George Mason University’s school of public policy. Photo: Ron Cogswell.

Israel must undergo “settler-decolonization” in which Jewish “settler-colonists … could leave as the French left Algeria, or they could stay as they did in South Africa,” declared George Mason University Professor Noura Erekat last month. Her presentation at Washington’s Middle East Institute (MEI) revealed that nothing is beneath such an Israel-hater, who masks her lies and propaganda with sophistry and a smiling face.

During the speech, the niece of Palestinian Authority (PA) negotiator Saeb Erekat discussed her recent book, Justice for Some: Law and the Question of Palestine, before approximately 80 people. Her fellow panelist, Brookings Institute non-resident fellow Khaled Elgindy, examined his recent publication, Blind Spot: America and the Palestinians, from Balfour to Trump.

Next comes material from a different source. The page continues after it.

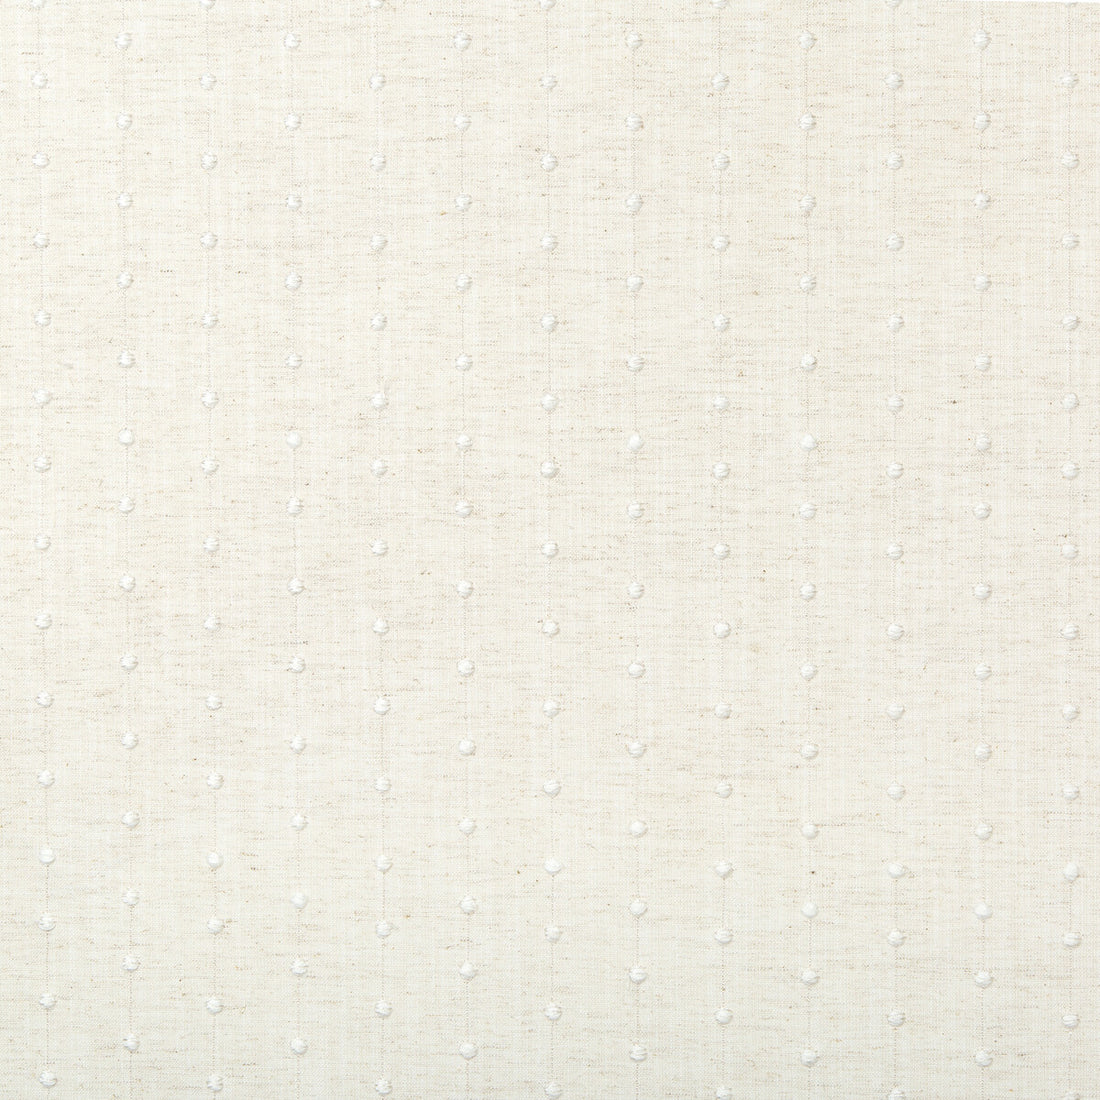 Kravet Basics fabric in 36130-1 color - pattern 36130.1.0 - by Kravet Basics

Befitting her longstanding anti-Israel extremism, including praise for terrorist Rasmea Odeh and conspiracy-mongering Princeton law professor emeritus Richard Falk, Erekat spewed vitriolic falsehoods. She gushed over the “youth” and “courageous vision” of Yasser Arafat, upon his accession to Palestinian Liberation Organization (PLO) leadership in 1968. She even claimed that the PLO “renounced violence” through its 1998 charter amendments, a cold comfort to Israeli victims of the PA’s current “pay to slay” terrorist payment program, as well as the various terror intifadas.

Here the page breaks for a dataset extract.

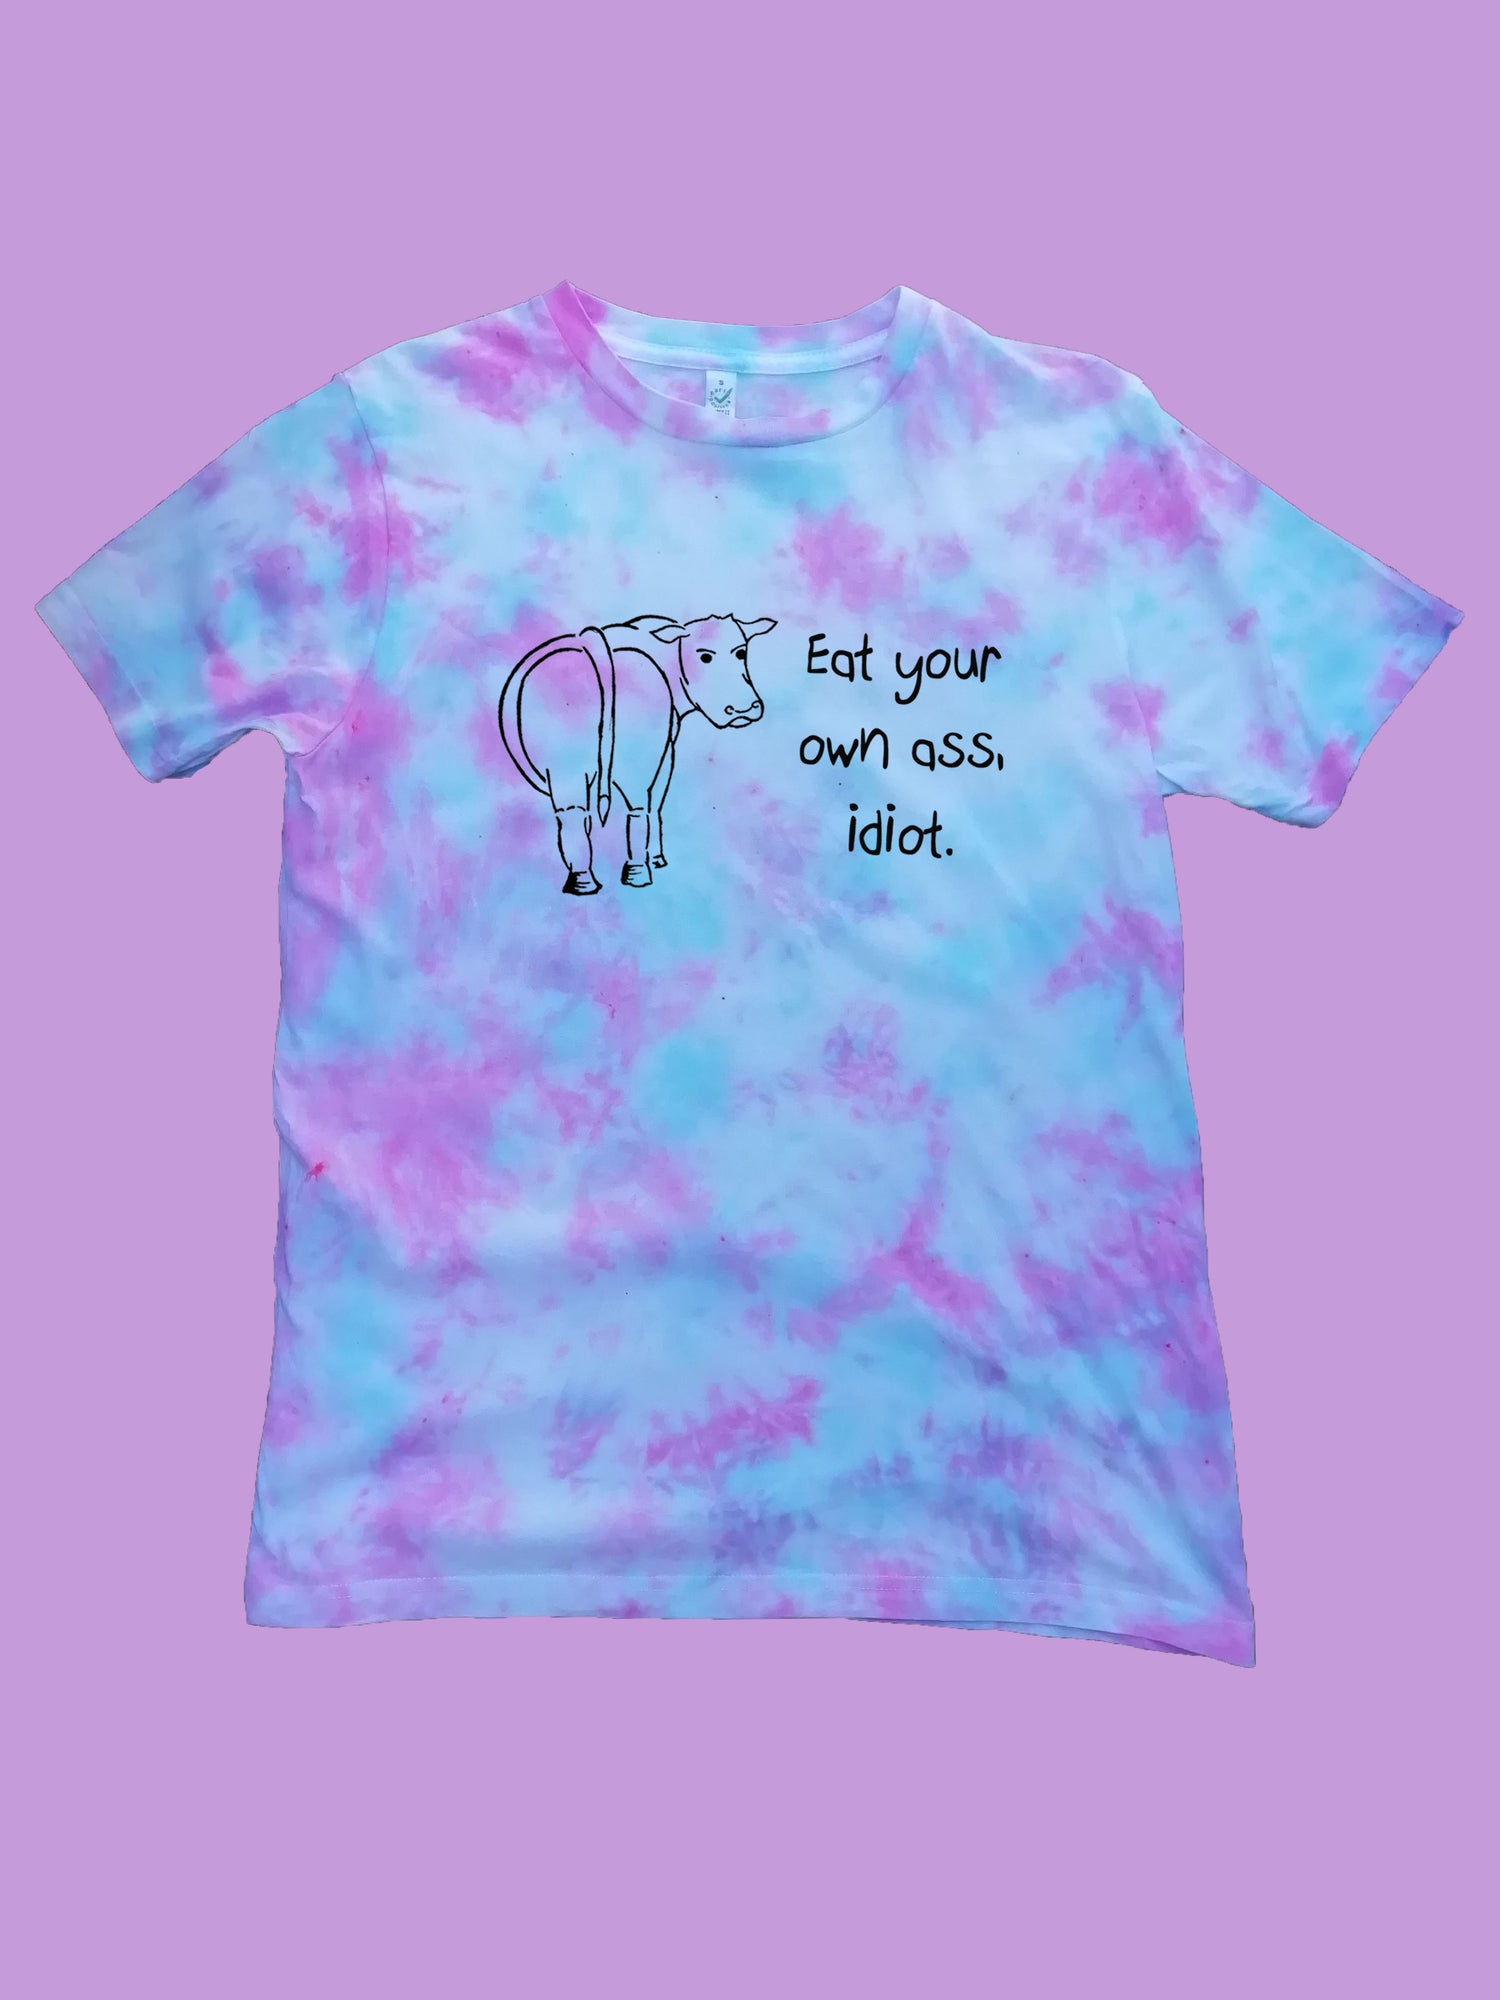 Eat Your Own Ass Idiot, Vegan Organic T- Shirt

In Erekat’s remarks — a de facto legal brief for terrorists — she exulted in the PLO “legislating the right to fight” by creating a “new law during the 1970s in order to further their cause for liberation,” the 1977 Geneva Protocol. American opposition to terrorism led to the rejection of this agreement.

Erekat simply lied about assaults against Israel from Hamas-ruled Gaza. Repeating her past slanders about the Israeli military targeting civilians, she claimed that Israeli shrapnel killed a one-year old infant in Gaza in early May, despite evidence proving that the death was due to a misfired jihadist rocket.

Gazans’ recent attempts to breach Israeli security barriers also elicited her praise. Her whitewash presented the violent 2018 “Great March of Return” as a “resistance path to freedom, using non-violent means, which should make us all celebrate” and “inspire the entire world.”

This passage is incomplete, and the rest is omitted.